The construction of the dam requires large investment and has been a stumbling block for some schemes. But once running, the scheme will generate electricity with no fuel costs. Maintenance and running costs will be small, and again as with tidal barrages, it is safe to assume that the turbines will last for many years.
Hydroelectric scheme, sourced: www.edf.fr
The penstocks are pressurised pipes that take the water to the turbine. The forebay controls the rate of the flow, ensuring that adequate levels are attained in accordance with the turbine controls. This pressurised water then drives the turbine that in turn drives a generator and creates electricity.
There are three main types of hydroelectric schemes, these are:
· Run of the River
· Pumped Storage
In the Run of the River type of scheme, the turbine and generator are located either in the dam or found along side it. The dam uses the flow of the river to create the hydrostatic head, this method can also be applied to tidal barrage systems.
A Diversion scheme is where the supply of water is taken from a dammed river or lake to a remote powerhouse containing the turbine and generator. A Canal or low-pressure tunnel transports the water to this end point and then back to the river to continue its course.
Pumped storage is a scheme that incorporates two reservoirs. At times of low demand, generally when electricity is cheap like at night, electricity is bought to pump water from the lower to the upper basin. This extra water can then be released to create power at a time when demand is high and prices high. This means that the company make money on their investment of electricity for pumping. This enables the scheme to perform with greater efficiency when matching supply and demand. This type of scheme is also similar to pumping for tidal barrages to increase supply and income.
How much electricity a scheme can produce is really dependant on how much water falls through it, and how far it falls. The further the water falls, the more power it has, as with the amount of water falling which is also directly proportional to the power.

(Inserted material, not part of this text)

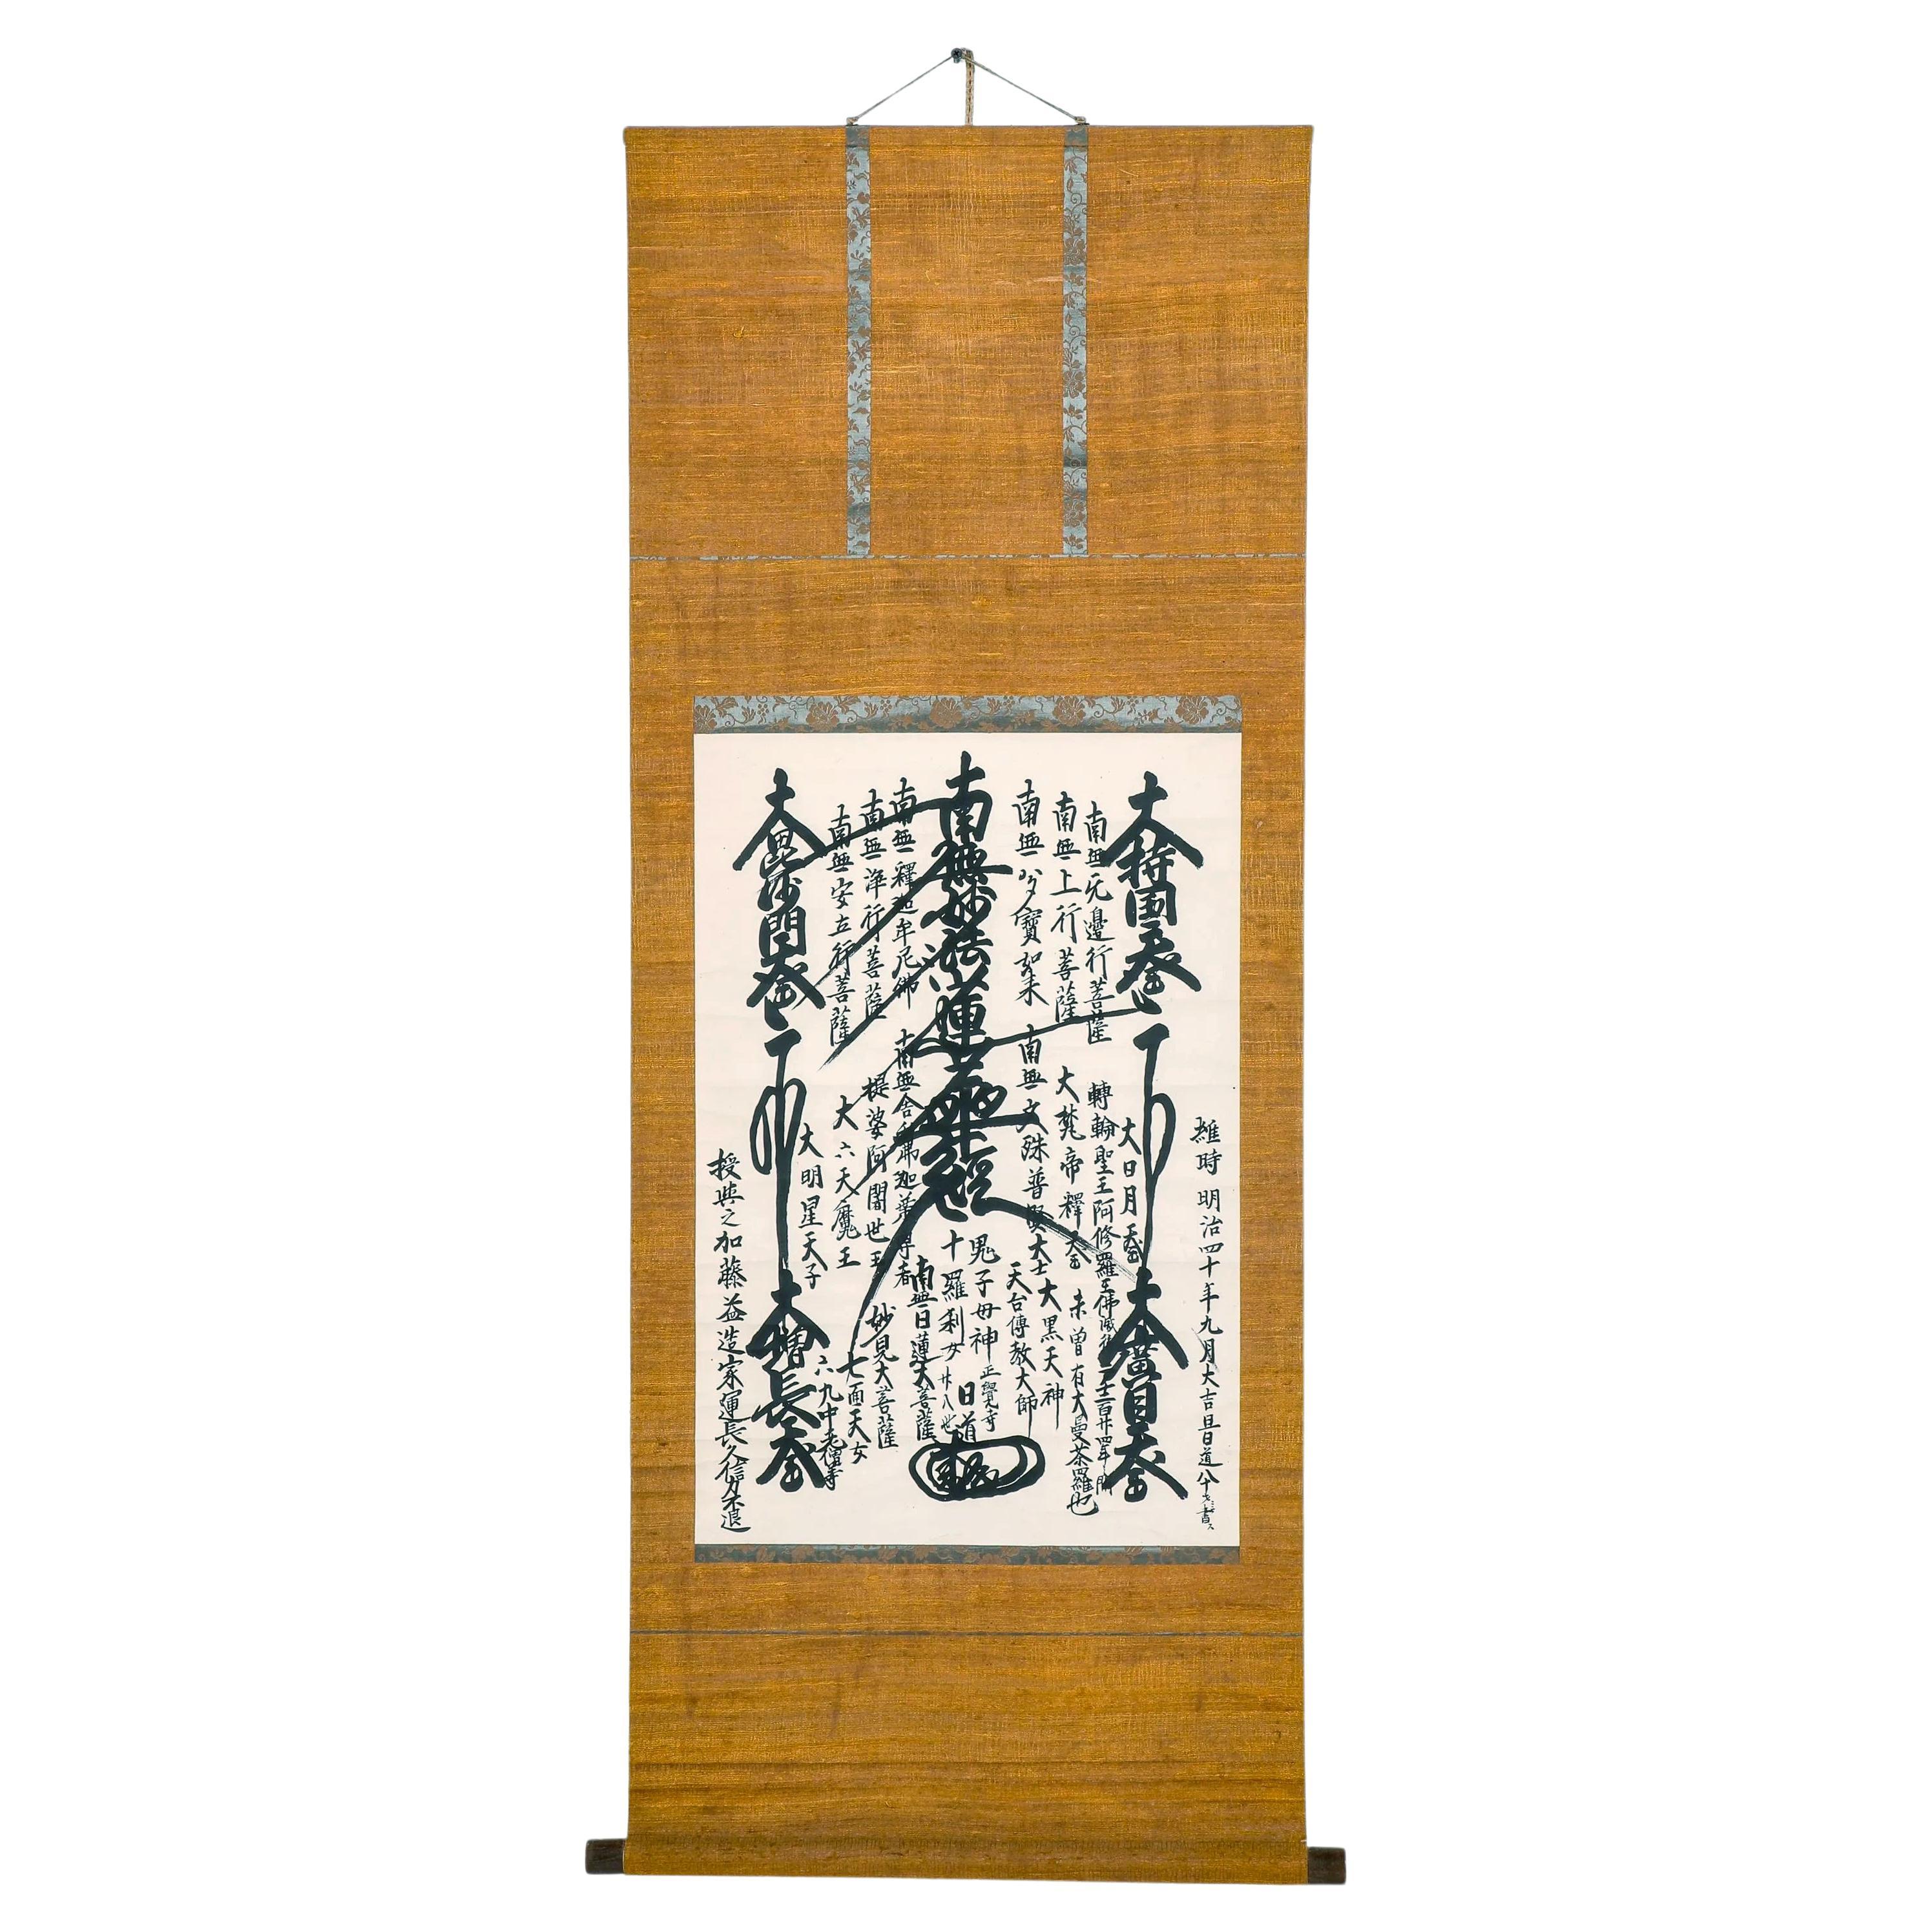 Japanische buddhistische Gohonzon- Kalligrafie Mandala-Schnörkel aus der Meiji-Periode

The amount of power supplied to the turbine by the water can be calculated using the following equation:
Where, P = Power Supplied to the turbine (kW)

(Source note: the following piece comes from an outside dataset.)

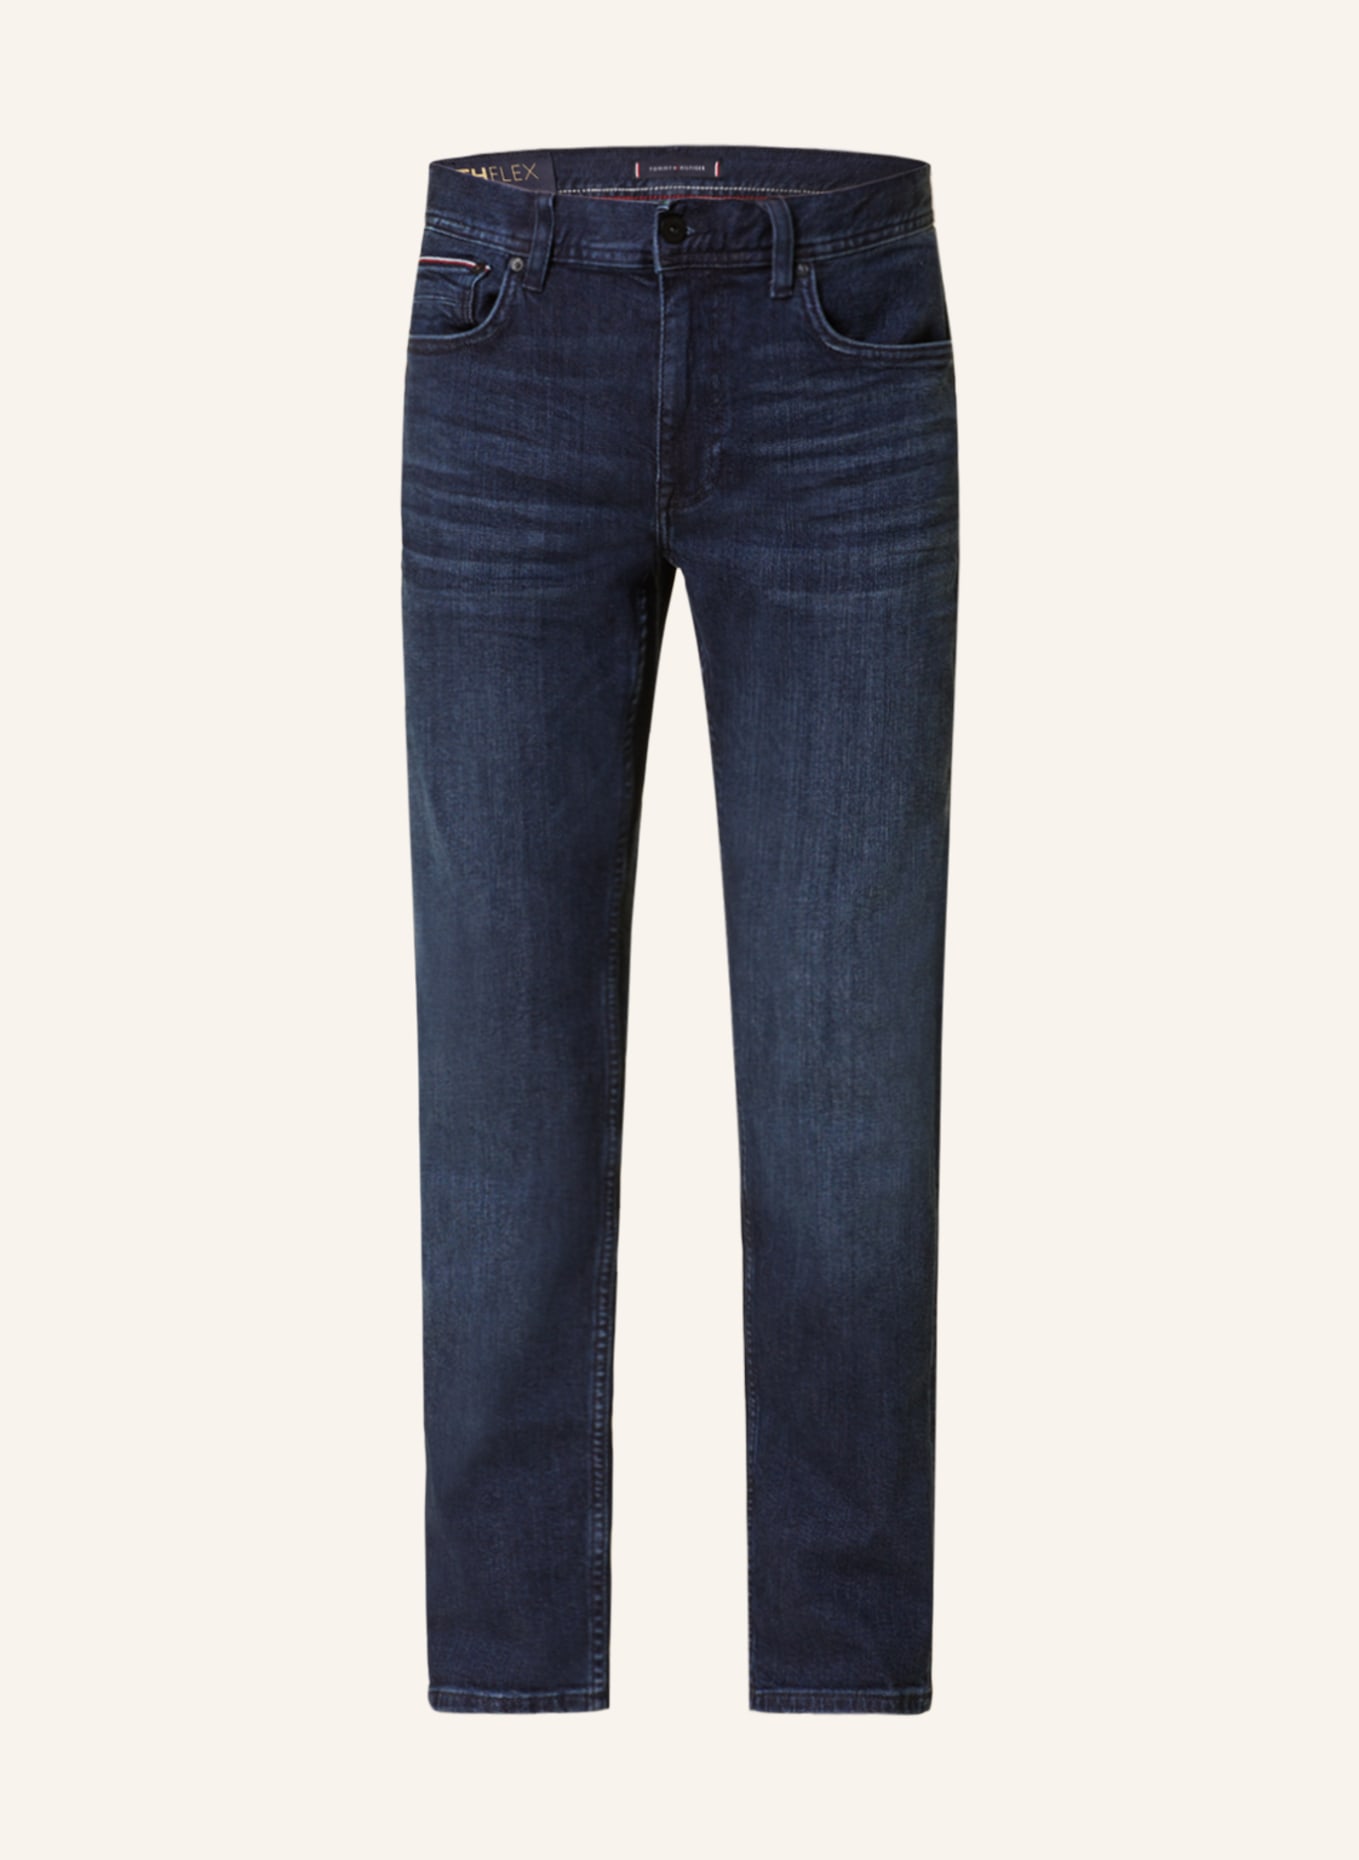 TOMMY HILFIGER Jeans DENTON Straight Fit, Farbe: 1BQ Orado Indigo (Bild 1)

r = Specific mass (tonne/cubic metre)
Q = Volumetric discharge (cubic metres per second)
h = Net head of water (m)
m = Mass flow rate (tonne/second)
g = Gravity = 9.81
For examples of hydro schemes that go into greater detail, see the HydroPower Case Studies.
Hydro schemes generally involve a huge civil engineering effort, which requires a sizeable investment. The payback on this investment can be a lengthy process so therefore it is mainly governments or large corporations who fund these schemes.

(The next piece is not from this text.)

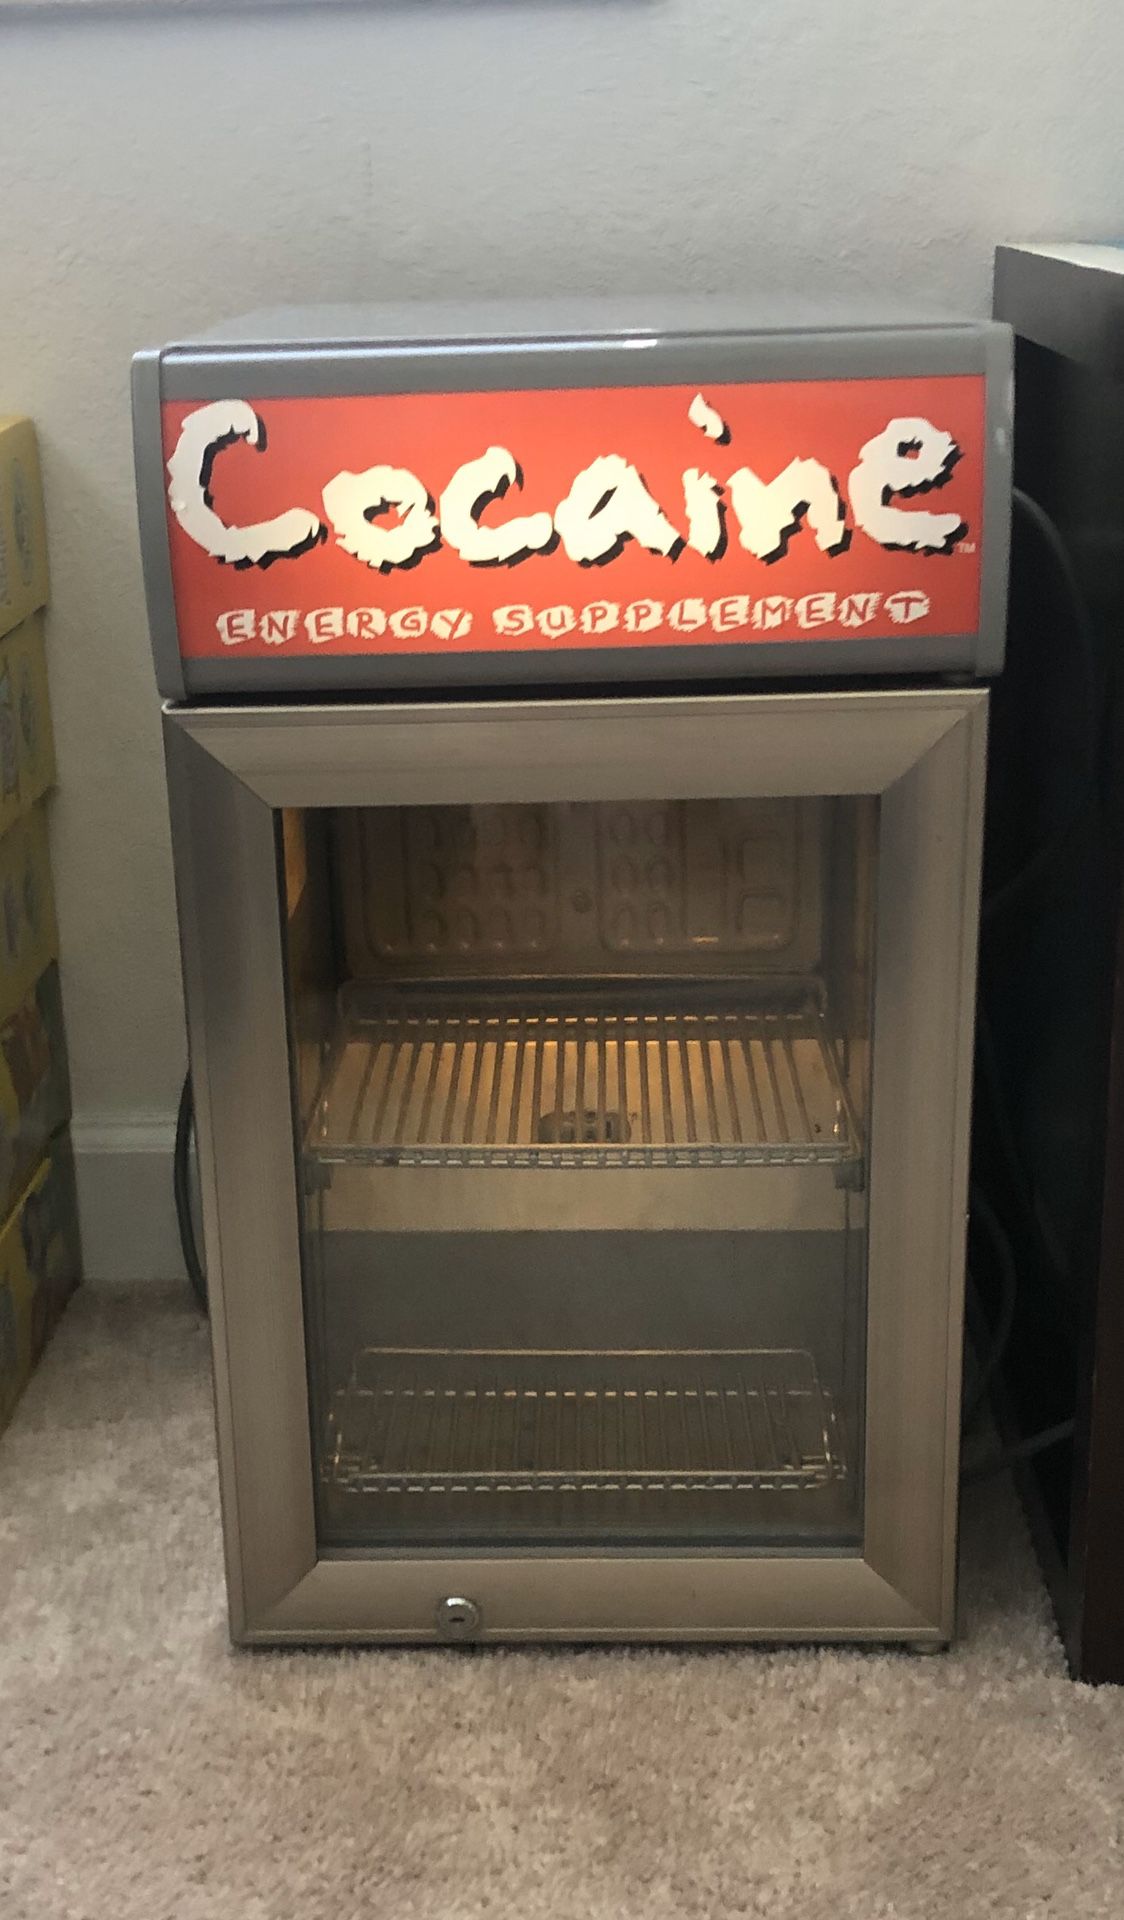 Mini fridge cocaine energy supplement

There will be local economic benefits during construction due to the amount of people who will have to live and work in the area. The loch created by the dam will have recreational possibilities that can also add to the tourism in the area and therefore the economic prosperity.
The nature of tidal schemes means that they will always produce almost cost free electricity. There are no fuel costs and pumping can facilitate generation at a small cost.
Hydro schemes are often built in remote areas away from centres of population. They can be a valuable source of employment to that area during construction and operation. They will however, cause an increase in traffic to the area during construction, which will be a long and noisy process. This will affect what might be an otherwise peaceful area.
There are many environmental effects that a hydroelectric scheme will cause. Firstly, the flow of the river will be changed for the life of the scheme, affecting all the aquatic life in the river. This affects the quality of the water, which all plant and wildlife are dependant on in one way or another, and the local ecology of the site. The right balance is maintained by controlling the flow of water to ensure a suitable amount is available.
Before a dam can be built the ecosystem surrounding the dam is flooded to aid construction by keeping the actual site dry, but this can be accounted for and careful planning can reduce these effects. After flooding, replanting can be done where necessary and the area can become an attractive place for walking and tourism.
Hydro Power is an integral part of the generation of electricity in Scotland. It is not a new technology and therefore has been optimised in this country. The way forward is no longer increasing the number of schemes, but instead to ensure efficient management and modernisation of the schemes. Optimising Pumped Storage wherever possible is also an important step towards hydropower realising its full potential.